== Task to carry out ==
From start to end, write out the following data exactly, apart from its images.

+++ Source data +++

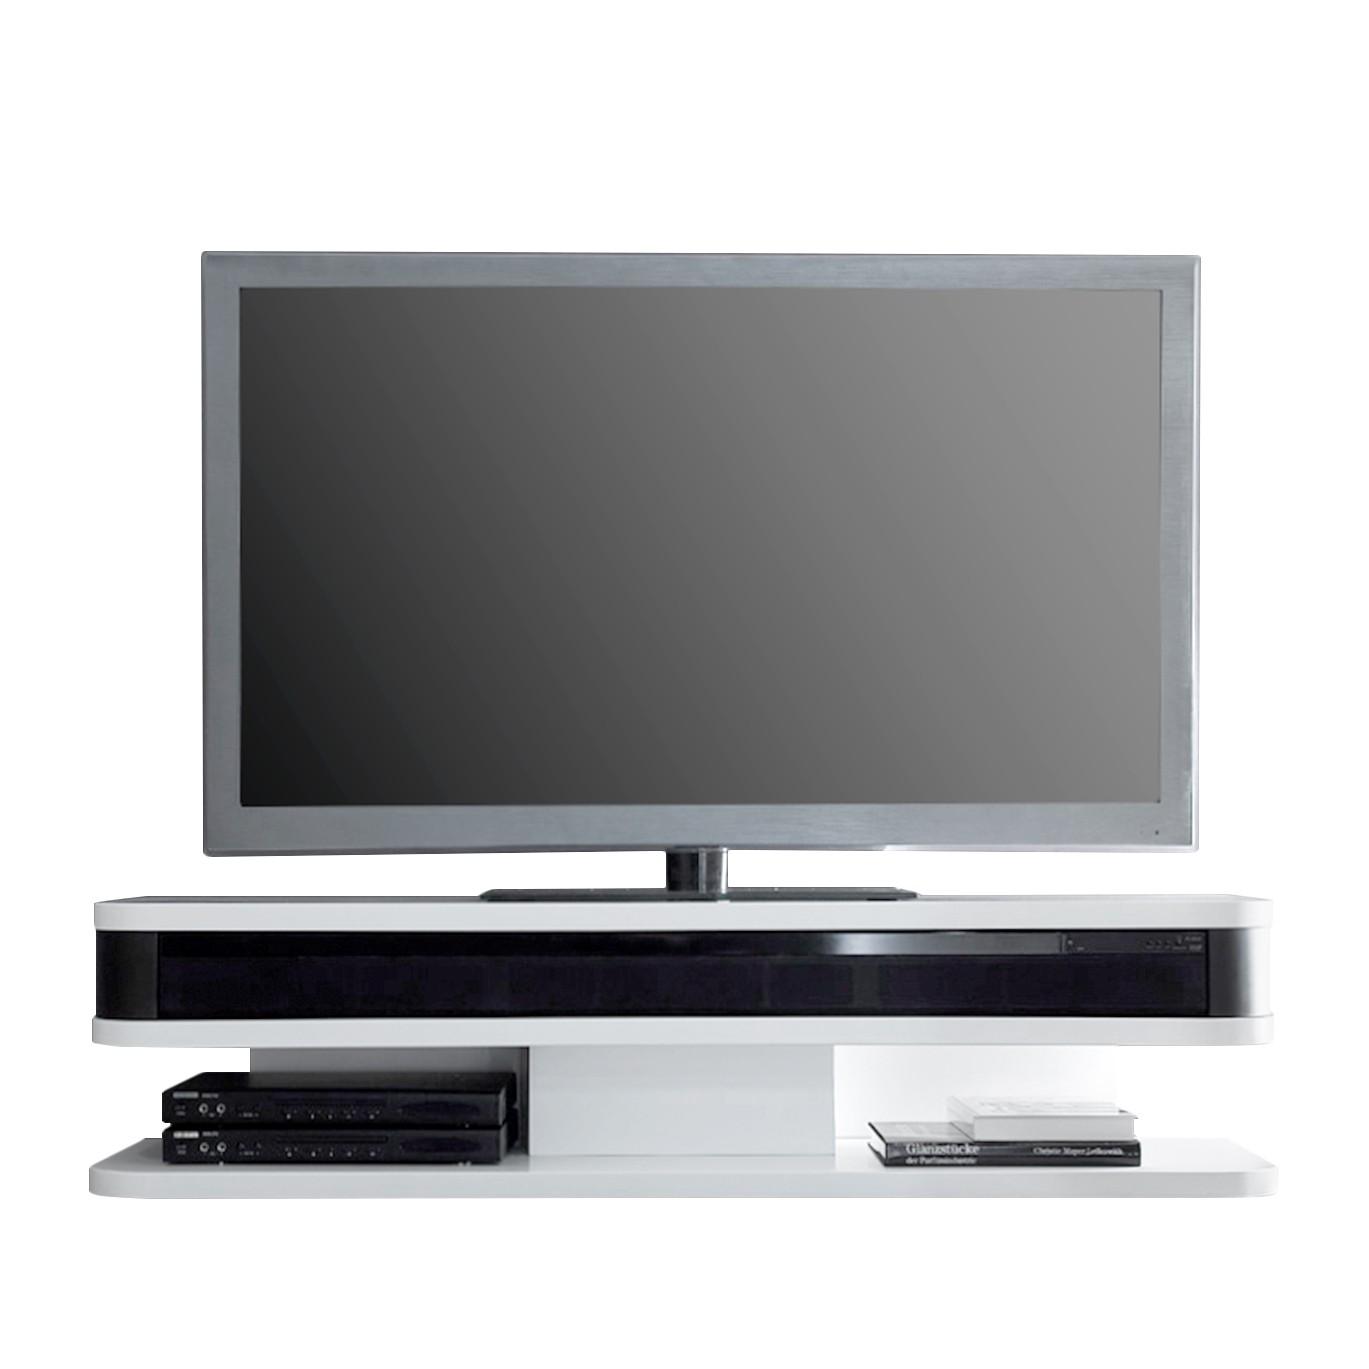 Meuble TV Lightspeed I - Blanc mat / Noir, loftscape
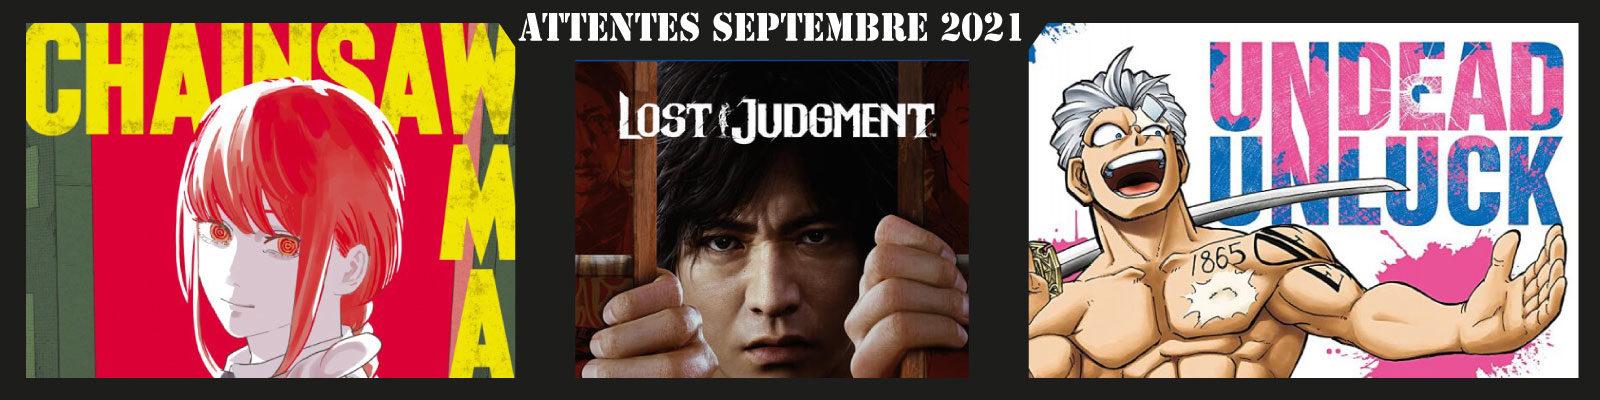 Attentes septembre 2021
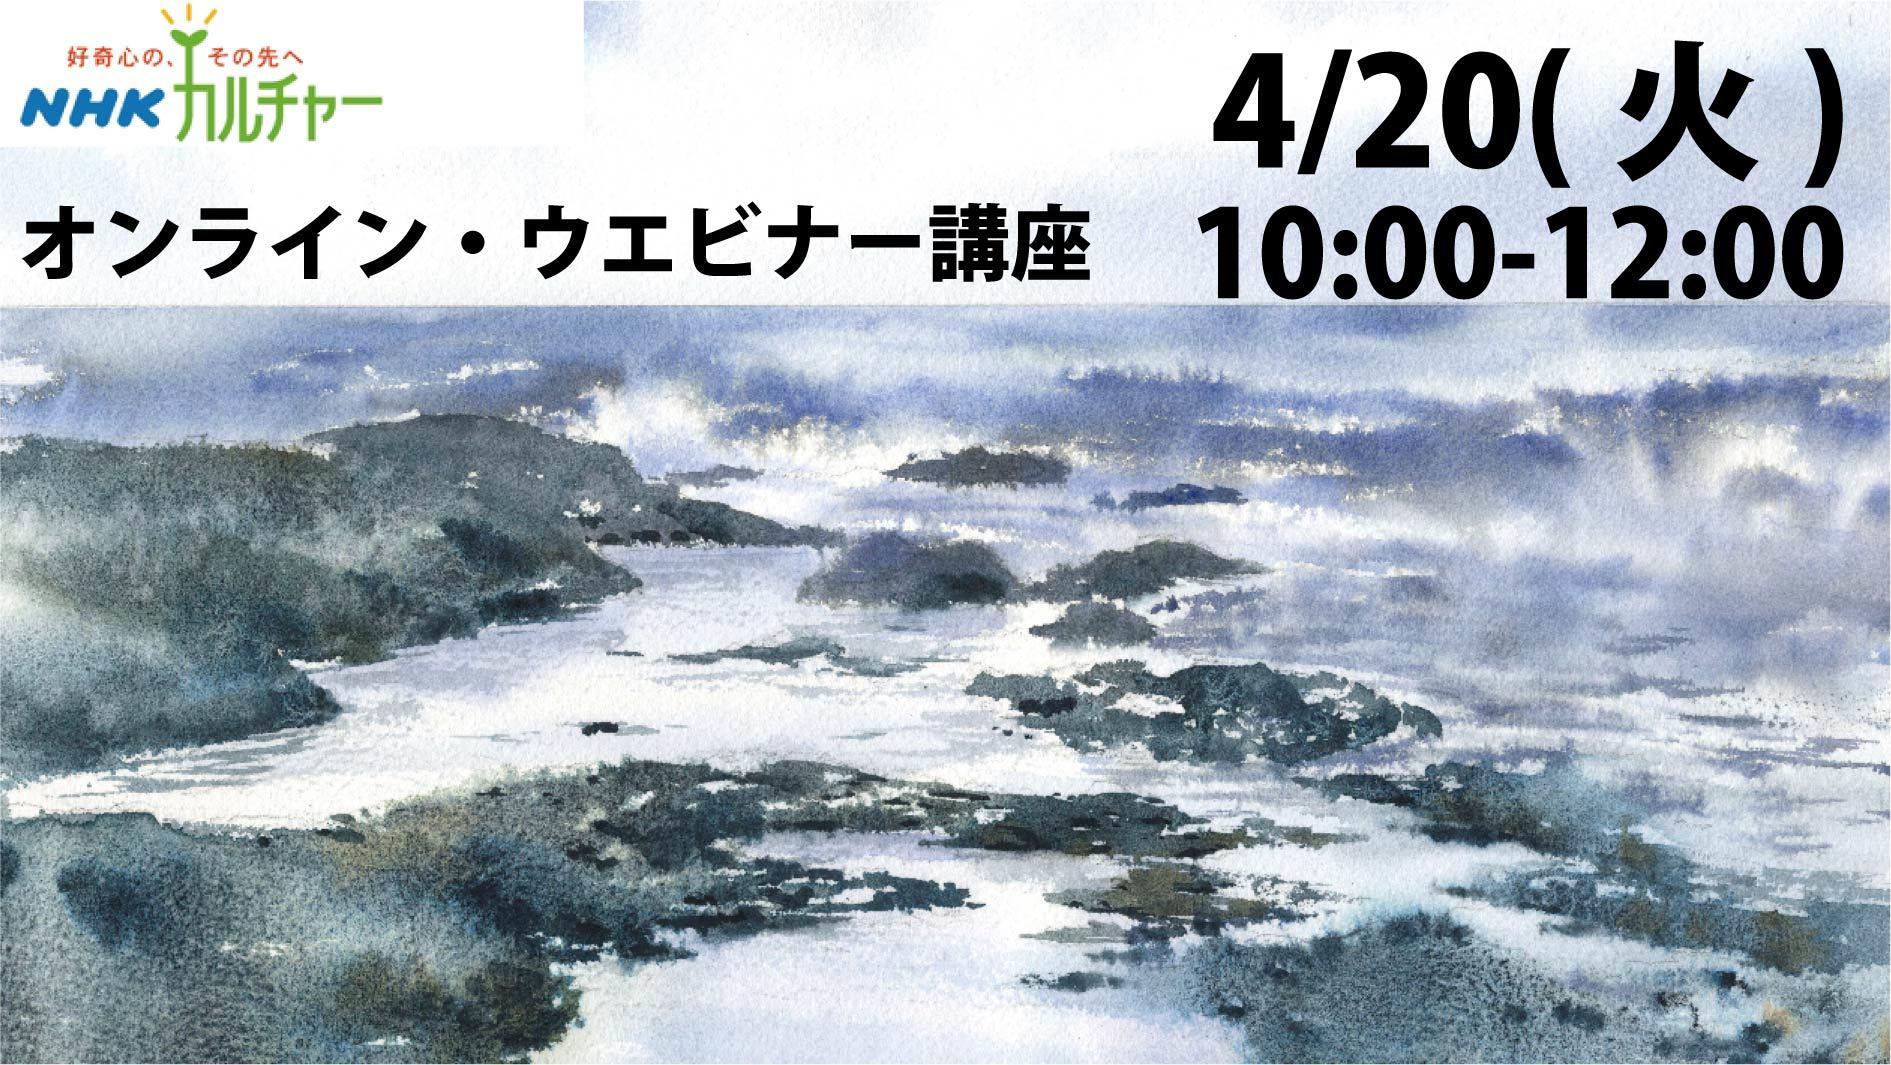 宣伝ばかりですいません!! NHKカルチャー講座。 春崎幹太 海の水彩画。_f0176370_16050139.jpg

+++

== Result ==
 Meuble TV Lightspeed I - Blanc mat / Noir, loftscape
 Attentes septembre 2021
 宣伝ばかりですいません!! NHKカルチャー講座。 春崎幹太 海の水彩画。_f0176370_16050139.jpg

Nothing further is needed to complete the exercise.